Background

There are many cool things about Game of Thrones. If dragons, gore and incest aren’t reason enough to pique your interest, its frequent ‘WTF’ moments should be enough to create any fan.

However when I try and explain the appeal of the show to ‘non-throners’, many baulk at the sheer number of characters that are part of it. Fair enough. There are almost 800 characters in the entire ‘A Song of Ice and Fire’ (ASOIAF) saga and a lot of these relationships are explored with narrative heavily laden with exposition, which can be off putting. Subsequently, buying into GoT can feel a little cumbersome for noobs.

Cue this project!

Having found an amazing data set online curated by Andrew Beveridge - I decided to use some network science techniques to explore all the characters in the ASOIAF saga and their relevant connections with one another. But first let’s get under the skin of what a network is…

What is a network?

A network is a series of nodes, connected by edges. If you spend a lot of time in London you will be familiar with a network which well represents this relationship between node and edge.

The London Underground has stations (nodes) and lines (edges) that connect those stations.

Collectively, all the nodes and edges represent a network much like all the stations and lines of the Underground represent the tube network.

Some stations have more lines connecting them to other stations than others. Kings Cross has six lines connecting it whereas somewhere like Angel is only served by one. Some stations are only accessible through certain lines. For example you can only get to Old Street using the Northern Line whereas London Bridge can be accessed by the Northern Line or the Jubilee Line.

As you can see, nodes and edges are simple concepts but can very quickly become nuanced and this provides the network with its unique shape and function.

A Game of Networks

Nodes and edges need not be limited to geography. The London Underground is a very ‘tangible’ example of a network however we can apply the same thinking to more abstract networks such as the relationships between individuals - which was what I attempted with this project.
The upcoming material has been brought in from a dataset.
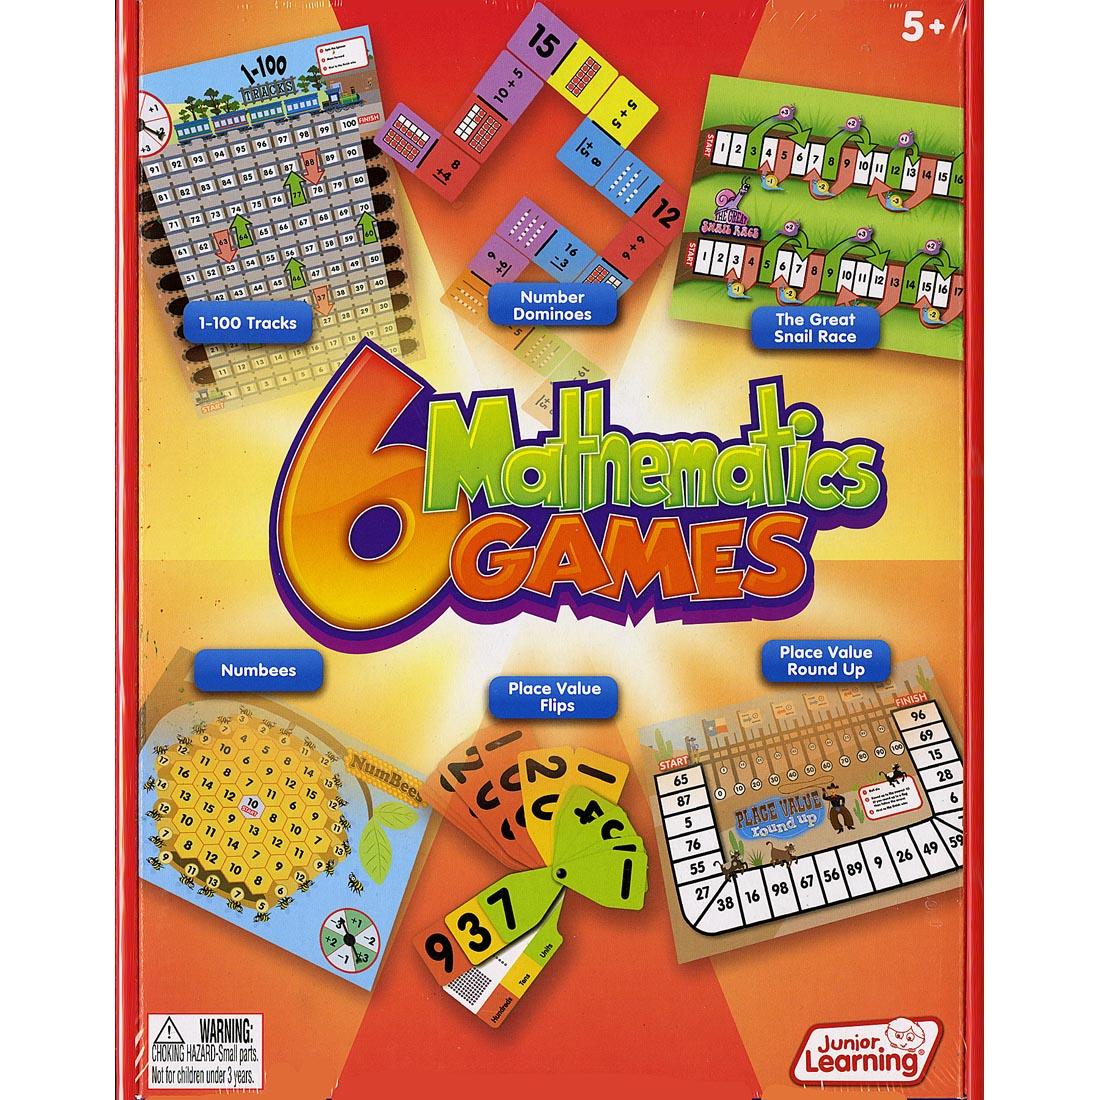 6 Mathematics Games by Junior Learning
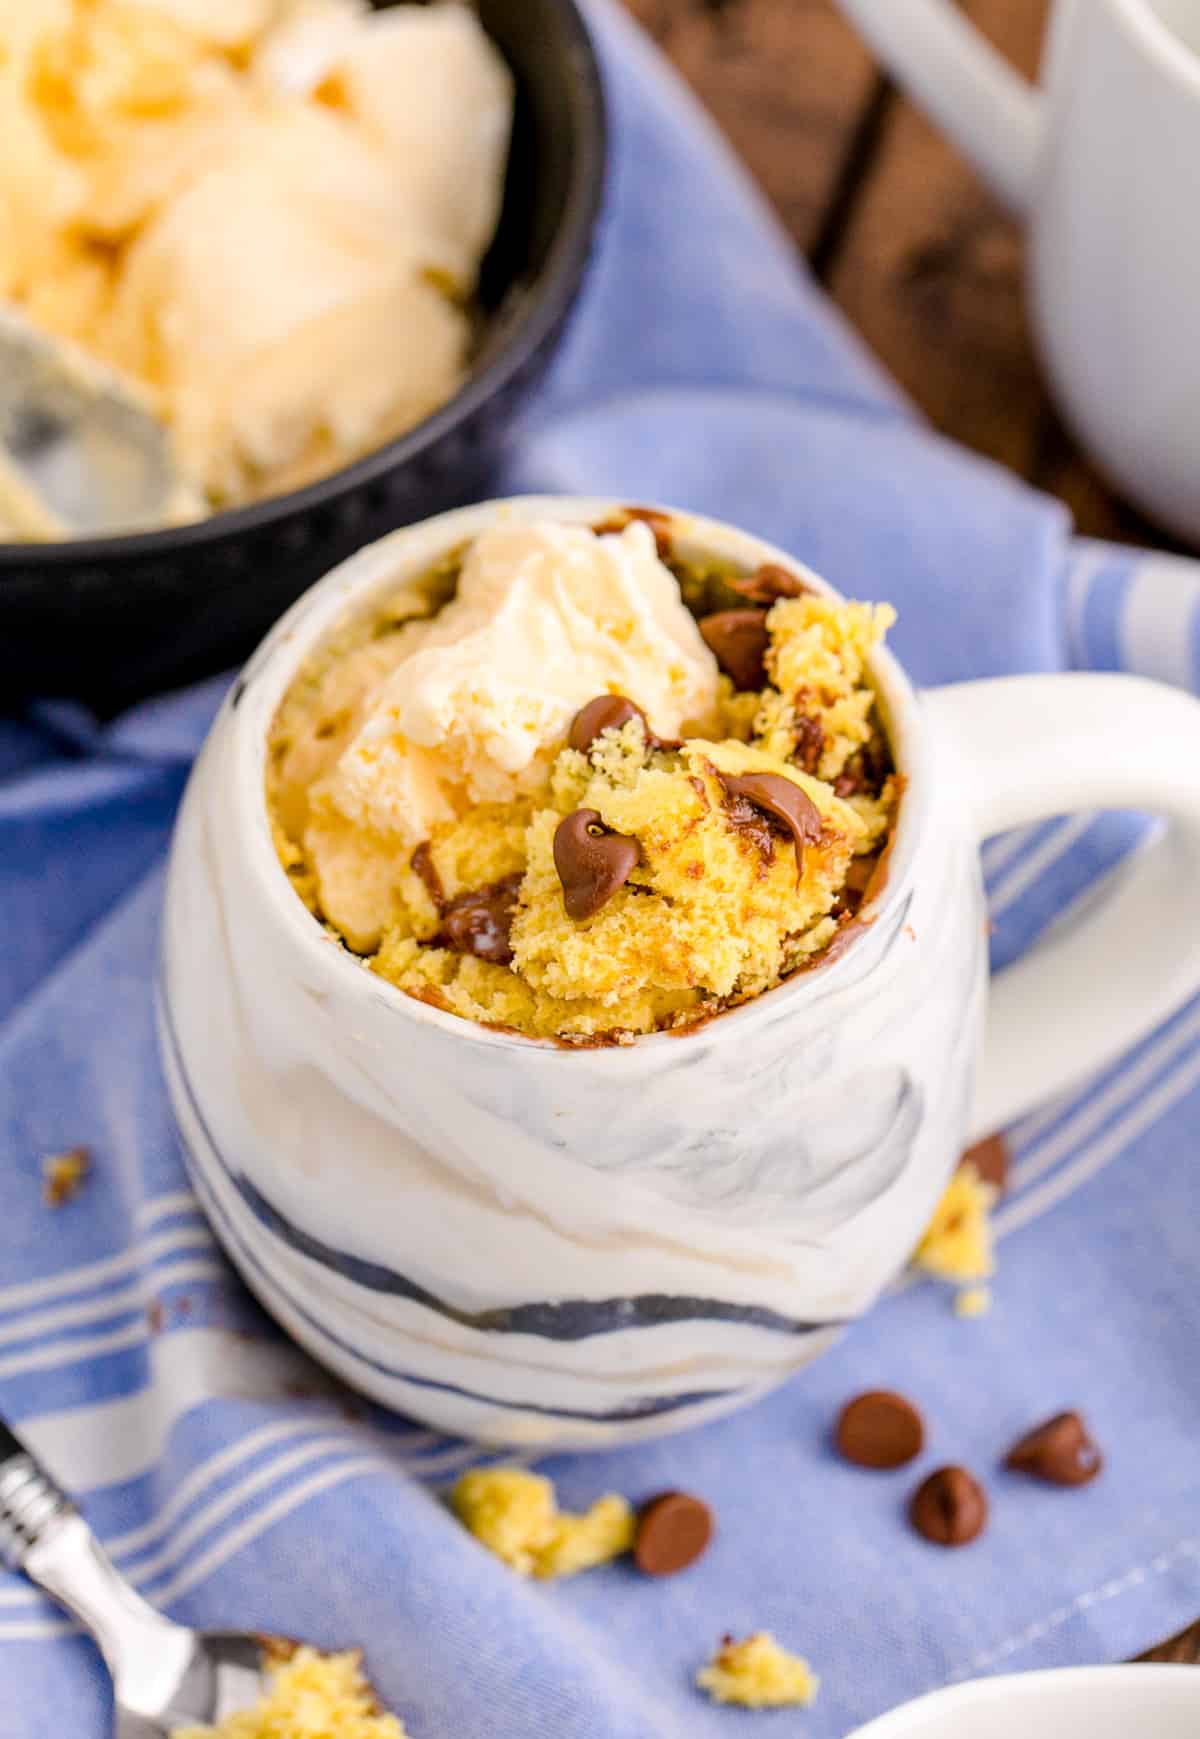 Chocolate Chip Mug Cake with ice cream added to mug on blue linen with ice cream in background surrounded by chocolate chips.

Using network science techniques we can explore how all the characters in the ASOIAF saga are connected. We can explore who has the most connections, who is connected to who and we can also work out who hasn’t met yet. We can attempt to quantify what loyalty or commitment mean in a network. We can also use techniques to determine what aspects of a character infer ‘importance’ in a story.

Exploring the nodes

The node data in the ASOIAF data set is fairly simple. It consists of a series of unique characters from GoT - all 796 of them.

The edge data consists of each connection between any given character and another character. The original author of this data set Andrew Bevidge explains how he structured the edge data:

These networks were created by connecting two characters whenever their names (or nicknames) appeared within 15 words of one another in one of the books in “A Song of Ice and Fire.”*

In addition to the connections between characters, each connection has a ‘weight’ field:

The edge weight corresponds to the number of interactions.

Some characters have more interactions throughout the saga. If we look at Jon Snow’s interactions, we see some of the greater weightings make sense, Sam and Jon appear together frequently. They have one connection but have had multiple interactions with each other.

Weight is explored in more detail later on.

Building the first graph

We will use the networkx library to build the graph. We will create an instance of a graph class and then add to it the node, edge and weight data.

I’m going to use plotly to visualise the network. I really like plotly - the syntax needs getting used to but it can create some really nice looking visualisations. It also has super useful tools that will help us explore the network interactively. The nodes have been colour coded to denote the different houses (only the more common ones) so it’s easier to identify who is who e.g House Targaryen in red, House Stark in light-blue.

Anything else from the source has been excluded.